Remodeling and fibrosis of the vein wall in varicose veins has been shown to occur at the level of the venous segments affected by reflux. This is a continuous, progressive process that affects the vein wall structurally and biomechanically. In the early phase, leukocytes and platelets migrate into the vein wall and degranulate, releasing a number of cytokines and growth factors which have been shown to upregulate adhesion molecule expression on venous endothelial cells. This may perpetuate leukocyte migration and exacerbate the inflammatory process. This has been demonstrated by elevated levels of intercellular adhesion molecule-1 (ICAM-1) and P-selectin expressed by vein wall endothelium in limbs affected by venous disease. Upregulation of ICAM-1 enhances vein wall inflammation by increasing migration of lymphocytes into the vein wall. Platelets release transforming growth factor beta (TGF-β) and connective tissue growth factor (CTGF), both of which have profound effects on extracellular matrix (ECM) production.

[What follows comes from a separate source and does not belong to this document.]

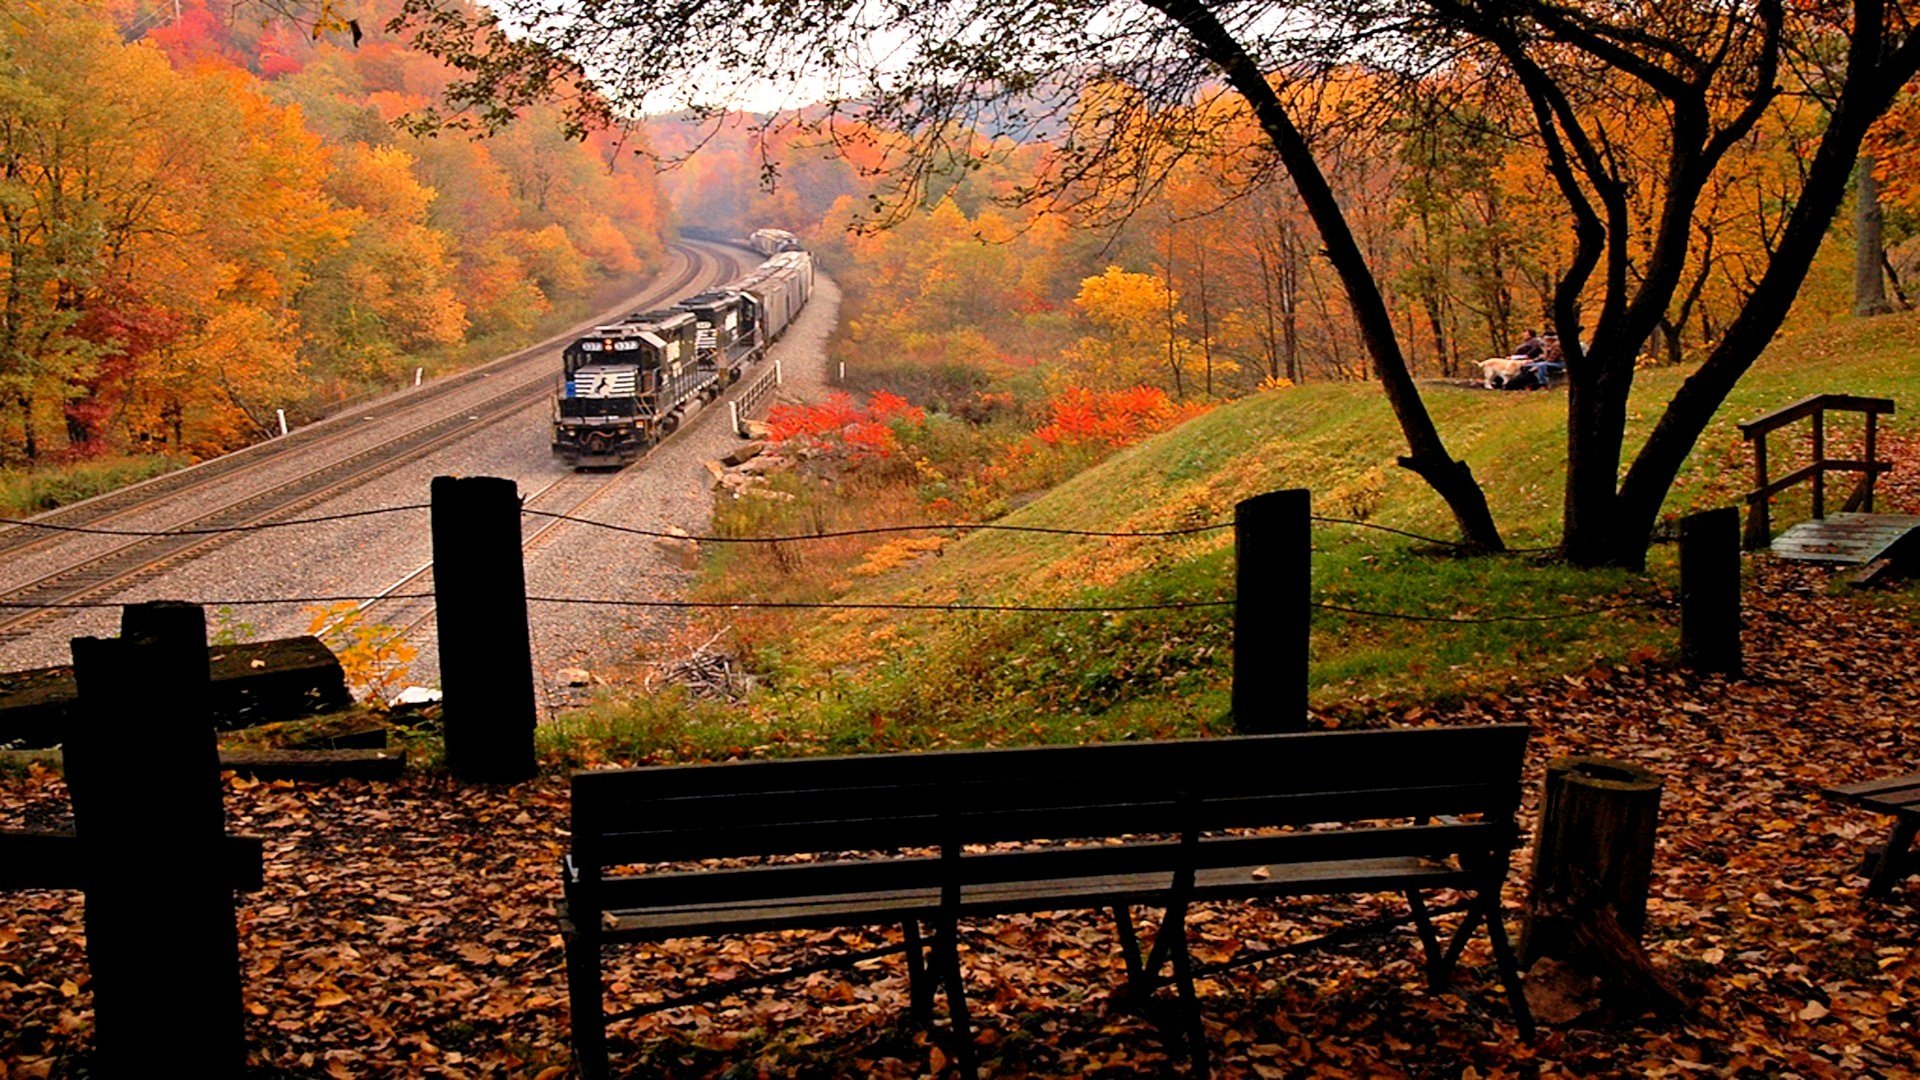 Long Train Running Through Autumn Landscape

Chronic Inflammation and Complications
Their importance in mediating progression to more severe forms of chronic venous disease and in the modulation of vein wall fibrosis and ulceration could provide new therapeutic targets.
Early vein wall hypoxia activates an anergic phenotype in infiltrating macrophages, inhibiting their migration and phagocytic activity. Ongoing hypoxia and the resulting cycle of red cell and iron extravasation and subsequent degradation and macrophage uptake lead to localized intra and extracellular hemosiderin accumulation and increases oxidative stress. These changes are likely to be key drivers of conversion to the fibrosis found in chronic venous disease and the development of skin changes and ulceration.
The recent development of a unique mouse model of venous hypertension has allowed a detailed study of the inflammatory processes in early venous disease. Our data indicate that the effects of vein wall hypoxia and the resulting microenvironmental changes on macrophage and leukocyte activity are likely to be of central importance in determining the nature of inflammatory responses during the initiation of venous disease.
Chronic inflammation and particularly the role of activated macrophages have been implicated as a feature of many chronic venous disease states. But progress in our understanding of the inflammatory processes in varicose veins has been slow. Macrophage and leukocyte infiltration of the vein wall is a feature of early varicose vein disease, but separating cause and effect with respect to leukocyte activation and specific aspects of vein wall remodeling in human disease has been difficult.